RELIGIOSIDADES E REGULAÇÃO DA SEXUALIDADE: CONFLITOS
MORALISTAS NO ROMANCE “O SUMIÇO DA SANTA”
Marinalva Lima dos Santos1
O presente trabalho tem como objetivo discutir a interferência da moralidade religiosa
judaico cristã na vida sexual, sobretudo das mulheres, estabelecendo contraponto com a
cosmovisão da religiosidade afro-brasileira, no que se refere à esse aspecto. Para
realizar tal abordagem, serão analisados os conflitos das personagens “Adalgisa” e
“Manela”, do romance de Jorge Amado, “O Sumiço da Santa: uma história de
feitiçaria”. Esse estudo comparado, fundamentado com teóricos da literatura, filosofia,
sociologia e da cultura, evidenciará, portanto a regulação moral da sexualidade no
contexto do pertencimento à determinada forma de religiosidade, a qual, imprime
marcas nos sujeitos e influencia, dessa maneira, nas alteridades e na construção de suas
identidades.
Palavras-chave: Religiosidades. Sexualidade. Moral. Cultura.
CONSIDERAÇÕES INICIAIS
Discutir religiosidades é ao mesmo tempo entrar em um campo de polêmica, de
relações de poder e construções de identidades. Sobretudo quando se tem uma
sociedade fruto da amálgama cultural na qual, consequentemente, habita entre embates
e misturas uma diversidade religiosa, lutando, as religiões judaico-cristãs para
estabelecerem-se como principais, numa constante busca pela obtenção de seguidores,
enquanto as religiões afro-brasileiras lutam por respeito e liberdade. Não se pode
esquecer também, que o campo religioso faz parte da construção e preservação da
identidade de um grupo.
Por conta disso, antes de realizar um estudo comparado que envolve concepções
religiosas, é preciso elucidar o lugar de fala, o qual pretende ser livre de preferência e
crença religiosa. Não há aqui a intenção de defender determinada religião e colocá-la
em posição superior à outra, já que cada religião comunga de características, liturgias,
regras, valores, que permitem sua identificação e diferenciação, portanto, deve ser
respeitada dentro de sua particularidade.
1
Mestranda do programa de pós-graduação em Crítica Cultural da Universidade do Estado da Bahia,
Campus II, Alagoinhas.

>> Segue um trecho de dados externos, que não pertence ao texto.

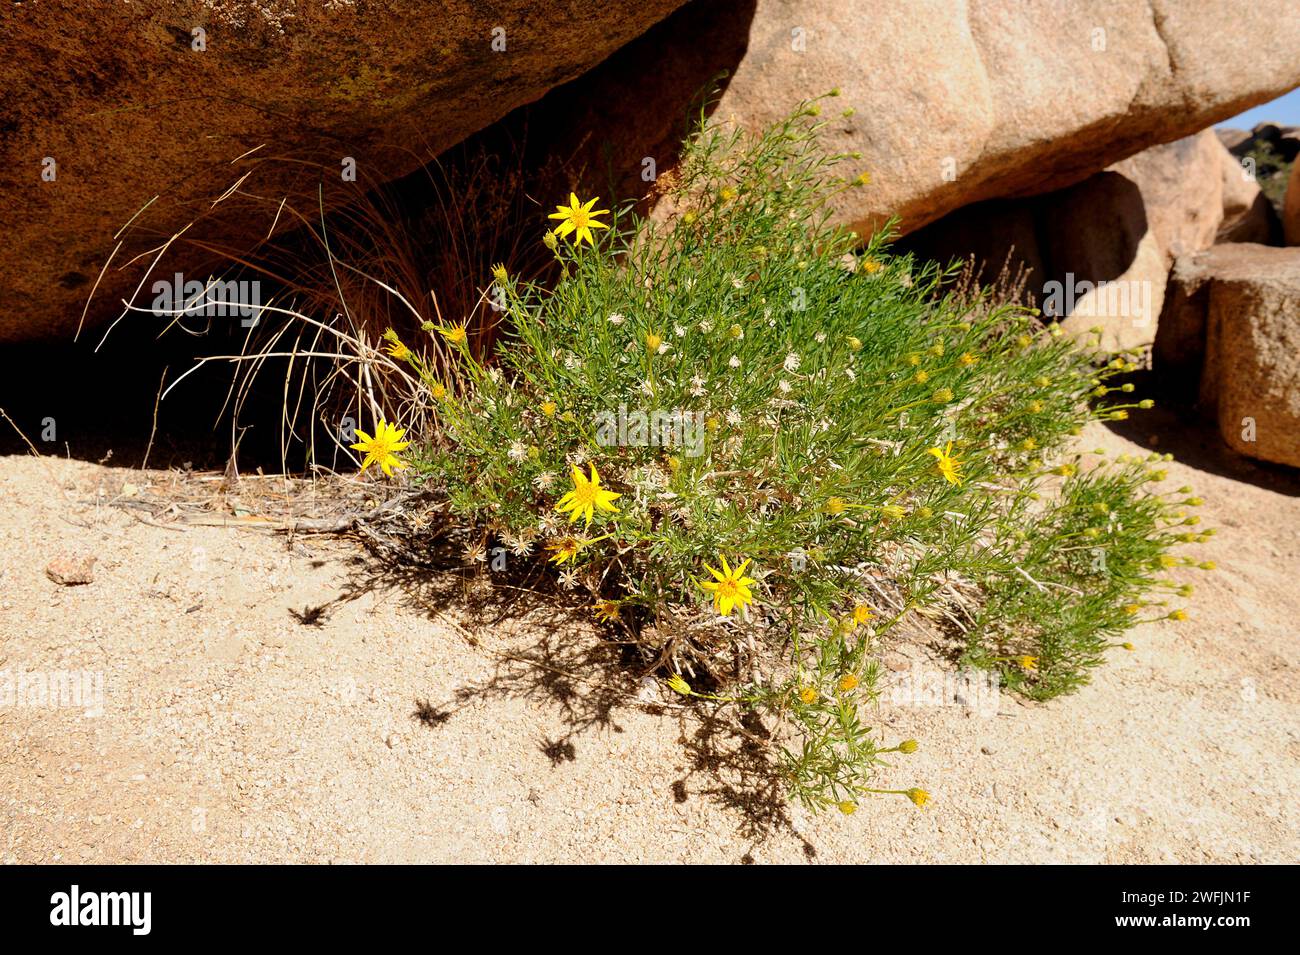 Cinchweed or limoncillo (Pectis papposa) is an annual herb native to southwestern USA and northern Mexico. This photo was taken in Joshua Tree Nationa Stock Photo
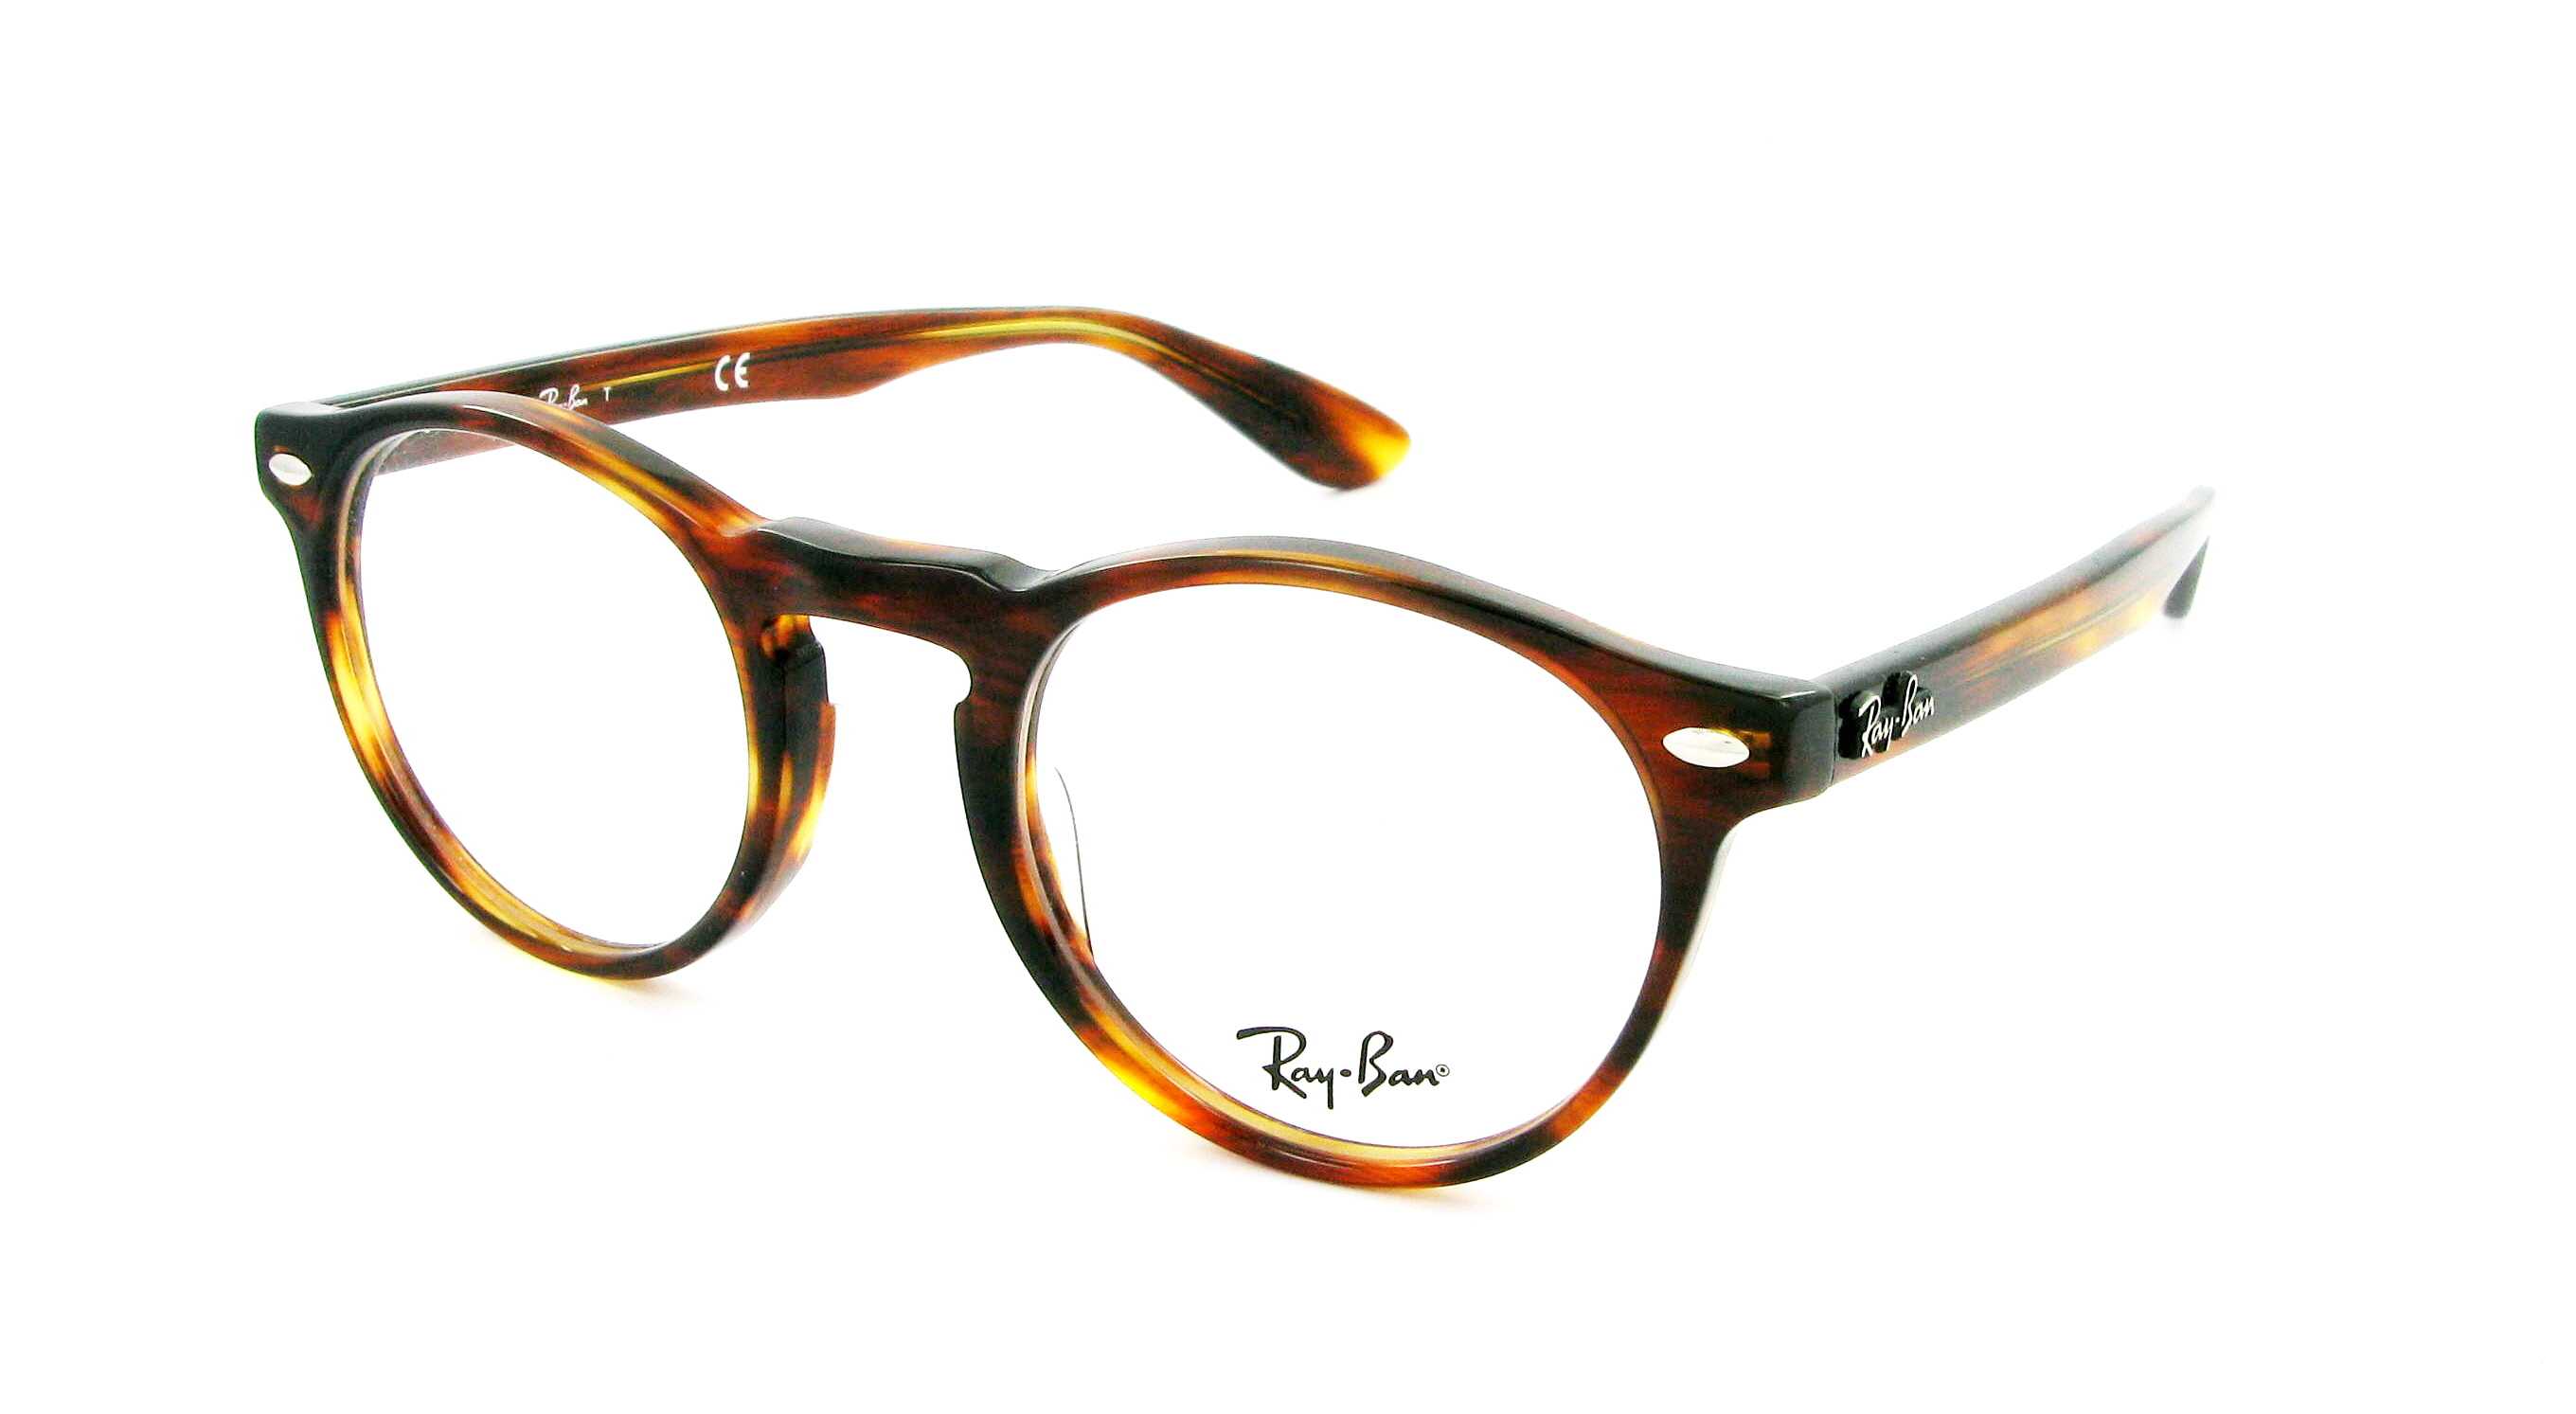 lunette lumiere bleue homme ray ban

E-mail: [email protected]
Dito isso, tendo como objeto de análise o romance de Jorge Amado O Sumiço da
Santa, o presente trabalho tem como objetivo discutir a interferência da moralidade
religiosa judaico-cristã na vida sexual, sobretudo das mulheres, estabelecendo
contraponto com a cosmovisão da religiosidade afro-brasileira, no que se refere à esse
aspecto.
Para realizar tal abordagem, serão analisados os conflitos das personagens
“Adalgisa” e “Manela”, do referido romance amadiano. Esse estudo comparado,
fundamentado com teóricos da literatura, filosofia, sociologia e da cultura, evidenciará,
portanto a regulação moral da sexualidade no contexto do pertencimento à determinada
forma de religiosidade, a qual, imprime marcas nos sujeitos e influencia, dessa maneira,
nas alteridades e na construção de suas identidades.
SOBRE O CONCEITO DE MORAL
De início é preciso situar sobre a noção de moral e sua relação com as
religiosidades de matriz africana e judaico-cristã. No Dicionário básico de filosofia
(JAPIASSÚ e MARCONDES, 2001) “a moral diz respeito aos costumes, valores e
normas de conduta específicos de urna sociedade ou cultura”. Baseado no dicionário
Michaelis de língua portuguesa (online) o termo “Moral” apresentado está relacionado
com bons costumes, honestidade, justiça, comportamento descente, educativo, refere-se
também ao pudor.
Dessa maneira, fica evidente que a “Moral” é um conjunto de valores e normas
que definem o que é certo e o que é errado dentro de determinada sociedade e cultura. É
fruto de uma consciência coletiva validada pela sociedade. Diante dessa definição, fazse necessário questionar quem, dentro da sociedade, define o que é certo e o que é
errado? E que grupo social torna válida uma consciência coletiva?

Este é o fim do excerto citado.